Died 1809 in NYC in nearly complete obscurity – abandoned by the public and his friends.
Thomas Paine, Common Sense
“The cause of America is in a great measure the cause of all mankind. . . . Society in every state is a
blessing, but government even in its best state is but a necessary evil; in its worst state an intolerable
one; for when we suffer, or are exposed to the same miseries BY A GOVERNMENT, which we might
expect in a country WITHOUT GOVERNMENT, our calamity is heightened by reflecting that we furnish
the means by which we suffer. . . . Men who look upon themselves born to reign, and others to
obey, soon grow insolent; selected from the rest of mankind their minds are early poisoned by
importance; and the world they act in differs so materially from the world at large, that they
have but little opportunity of knowing its true interest, and when they succeed to the
government are frequently the most ignorant and unfit of any throughout the dominions. . . . Of
more worth is one honest man to society and in the sight of God, than all the crowned ruffians that ever
lived . . . When we are planning for posterity, we ought to remember that virtue is not hereditary. . . .

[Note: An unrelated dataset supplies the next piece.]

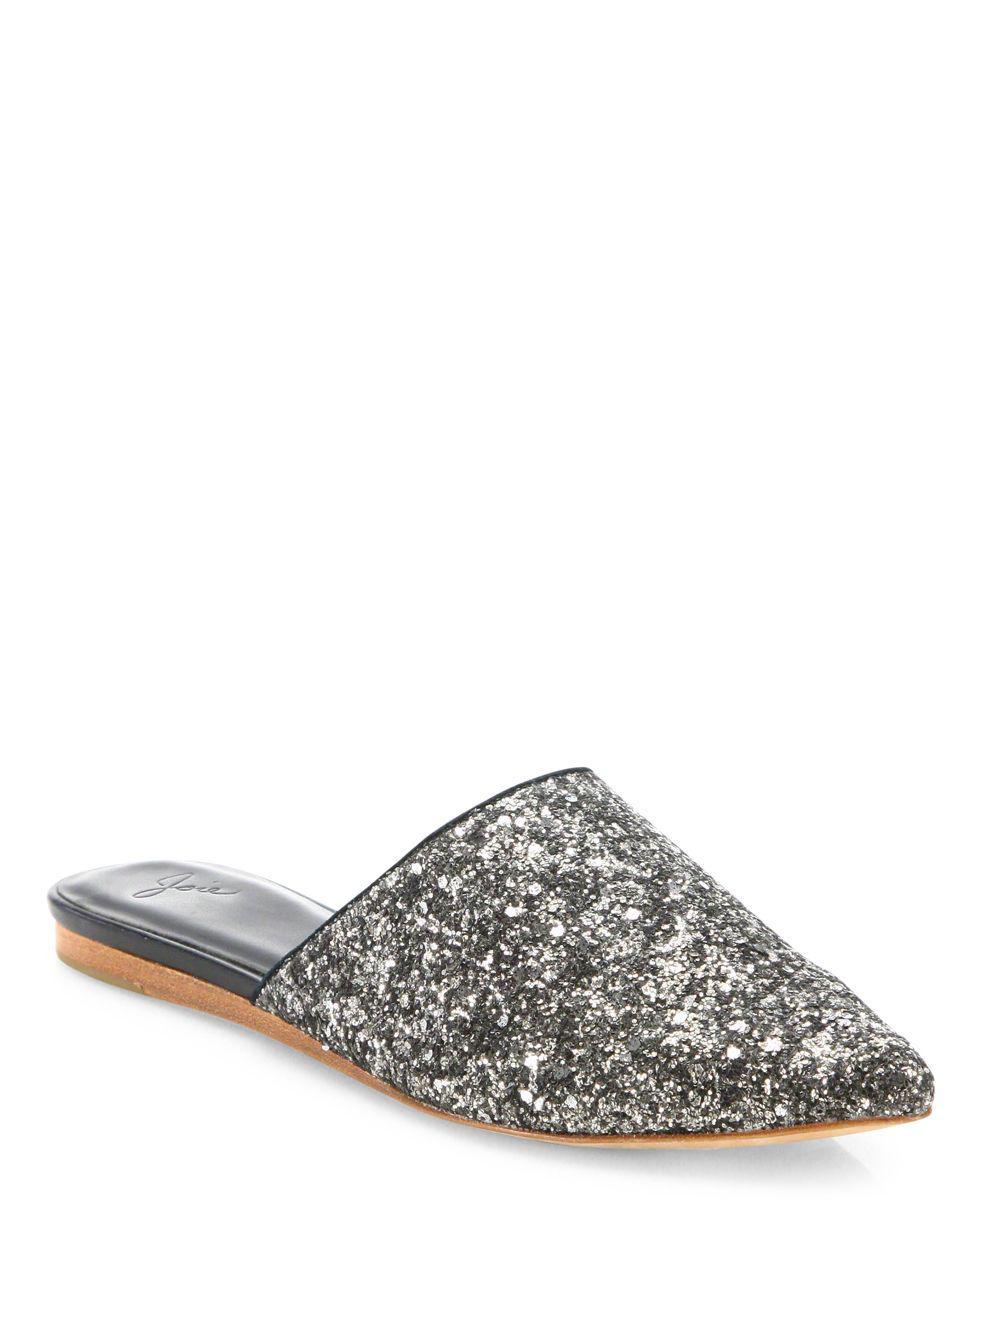 Joie. Women's Adiel Glitter Mule Slides

The sun never shined on a cause of greater worth. ‘Tis not the affair of a city, a country, a province, or
a kingdom, but of a continent—of at least one eighth part of the habitable globe. . . . I offer nothing
more than simple facts, plain arguments, and common sense. . . . O ye that love mankind! Ye
that dare oppose, not only the tyranny, but the tyrant, stand forth! Every spot of the old world is
overrun with oppression. Freedom hath been hunted round the globe. Asia, and Africa, have long
expelled her — Europe regards her like a stranger, and England hath given her warning to depart. O!
receive the fugitive, and prepare in time an asylum for mankind. . . . We have every opportunity and
every encouragement before us, to form the noblest purest constitution on the face of the earth.
We have it in our power to begin the world over again.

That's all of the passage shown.